Scientists Develop Colored Materials by Manipulating Colorless Block Copolymers

Counterfeiting is a serious problem. According to the United States Secret Service (who fall under the Department of the Treasury, and are tasked with chasing down counterfeiters) fake money “represent(s) a … danger to the nation’s economy and its citizens”. The increased sophistication of copier and scanning technology has enabled crooks to produce near-perfect replicas of United States money, and so the United States Treasury is forced to stay one step ahead by the invention of metallic inks, magnetic strips, microprinting, and similar techniques.

A recent development has been released in a scientific journal, and it may finally put counterfeiters out of business. Chemists from the University of Sheffield have developed a way of layering colorless polymers (plastics) so that the end result is a vividly-colored material. These materials can be printed or layered into the structure of a dollar bill. The materials used by the scientists are called block copolymers. The technology can be understood with the use of a thought experiment. Imagine a length of rope that has random segments painted brown, or made of metal instead of fibers. That’s a reasonable analogy for one molecular strand of a block copolymer. Now, imagine getting a bunch of similiar ropes, and piling them into a heap. If they were actually just ropes, the heap would just stay like that until someone came along and cleaned it up.

However, the analogy of a rope only goes so far before it breaks down. Actual block copolymers behave differently than ropes that are large enough to see and touch. Due to the peculiarities of the electrostatic and steric interactions between polymer segments of adjacent chains, the polymers (ropes) “self-organize” into an ordered arrangement. It may be that all the painted segments only want to associate with other painted segments, and so they’ll all shift (dragging the rest of the rope along with it) and clump together. It may be the case that the “metal” segments don’t want to be next to any other metal segments, so they’ll push away any adjacent polymer strands that they don’t like and associate only with the ones that they agree with. It’s this “self-organization” behavior that gives these new materials their pigmented appearance.
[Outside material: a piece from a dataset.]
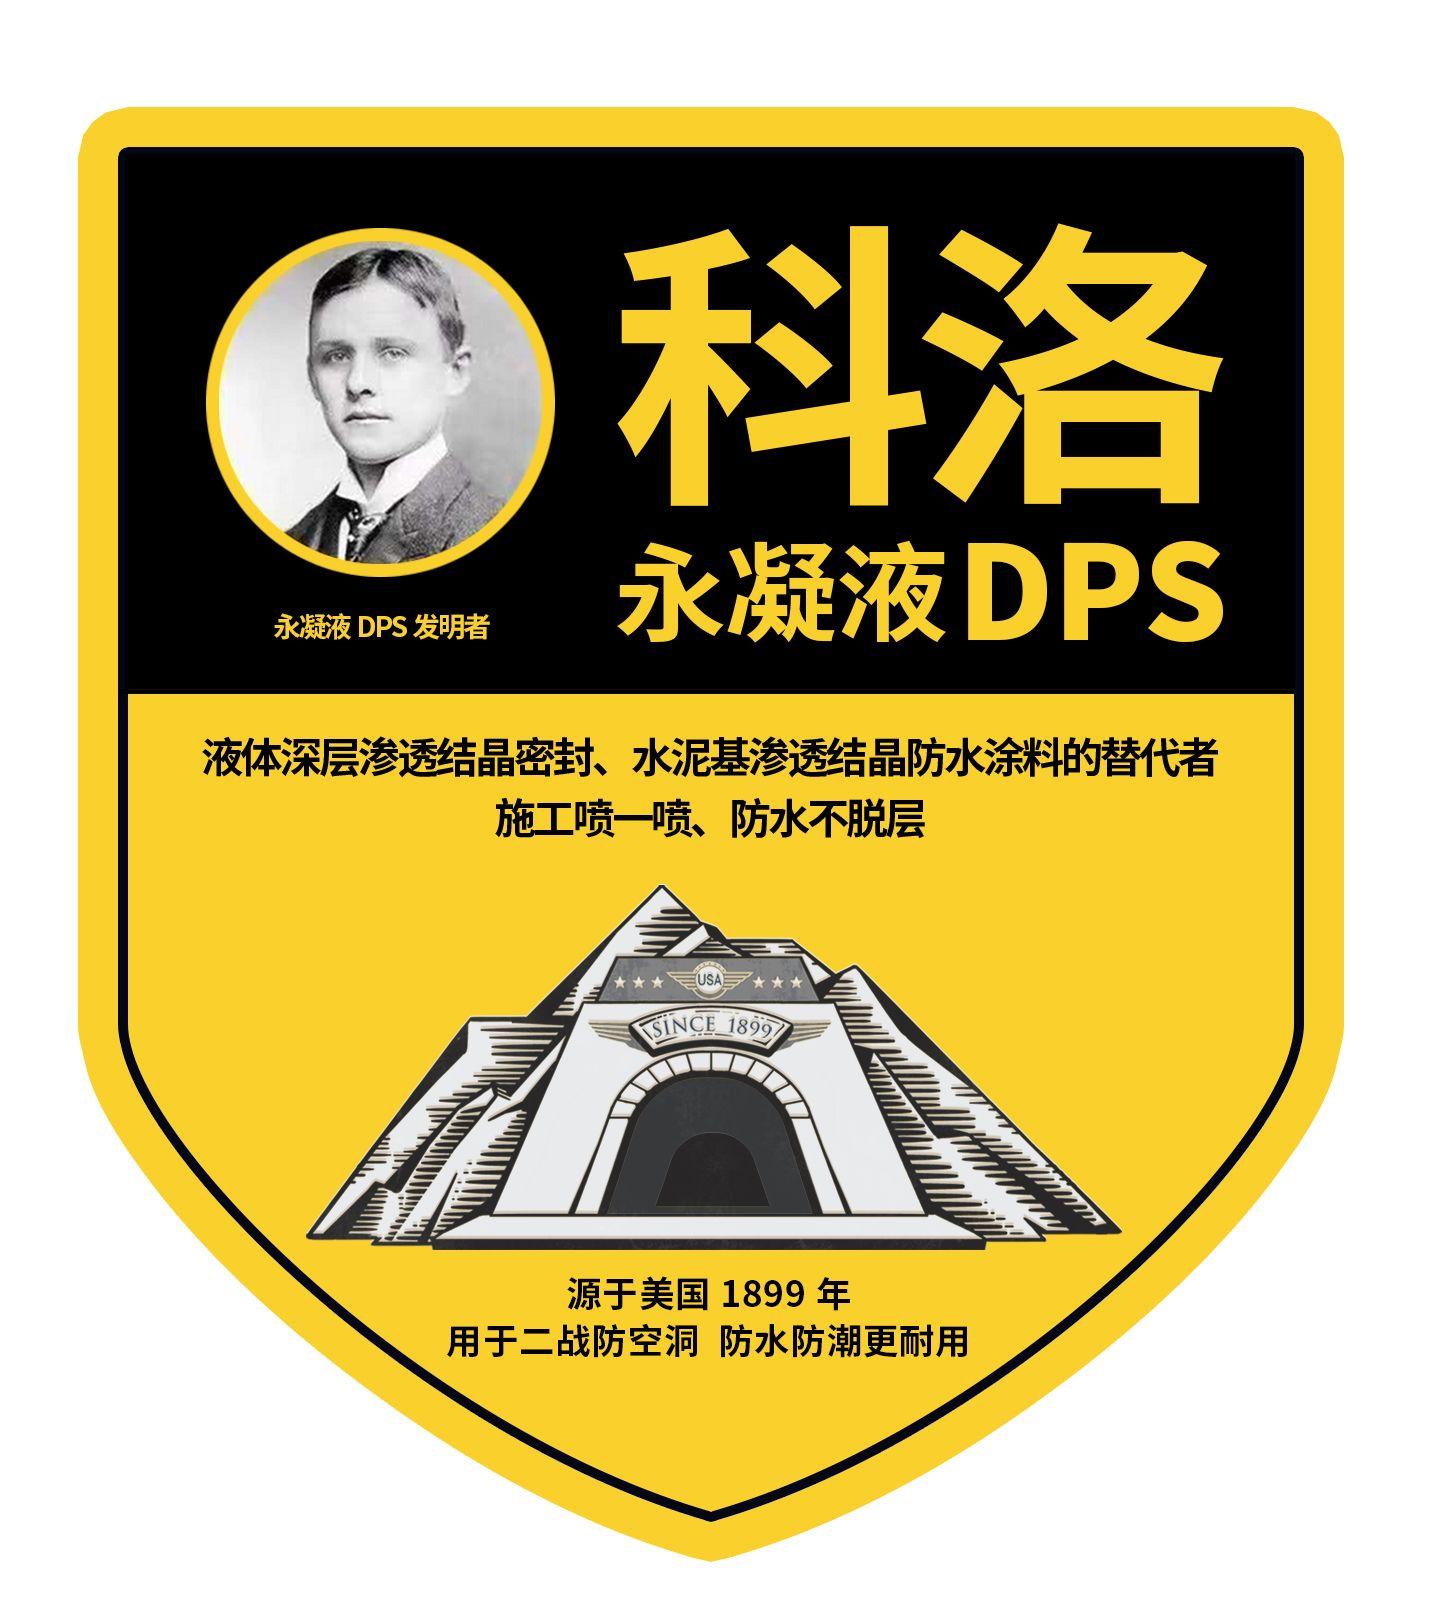 永凝液DPS防水剂使用效果如何?

As a beam of light shines through the (colorless) block copolymers, it hits these different self-organized regions, and the light beam is shifted a fraction in a random direction. The light will then continue on and hit the next polymer layer, which has a different refractive index because it has a different chemical composition (as it’s a different bunch of polymer segments), and so the light beam gets shifted in a different direction. By the time the light beam exits the material, it’s been transformed into a rainbow of colors because it’s passed through thousands and thousands of different block copolymer segments, all of which are different from each other.

These types of materials are very, very difficult to “fake”. Basically, anyone trying to exactly duplicate the precise rainbow of colors (with all of the associated wavelengths and intensities) would have to precisely duplicate the exact chemical composition of the block copolymers used in the layers embedded in the money. Because of the nature of organic chemistry, which is an extremely vast and flexible field, that particular task can be made impractical to the point of impossibility.

Fake money will always exist; crooks can always pass a fake $1 bill off at the local gas station without too much trouble. However, technology is finally reaching the point where the true experts will always be able to determine if a piece of money is authentic. It’s going to make life very difficult for counterfeiters.

The source of this article can be found at:

Andrew J. Parnell, Andrew Pryke, Oleksandr O. Mykhaylyk, Jonathan R. Howse, Ali. M. Adawi, Nicholas J. Terrill, J. Patrick A. Fairclough. “Continuously tuneable optical filters from self-assembled block copolymer blends”. Soft Matter, 2011; 7 (8): 3721.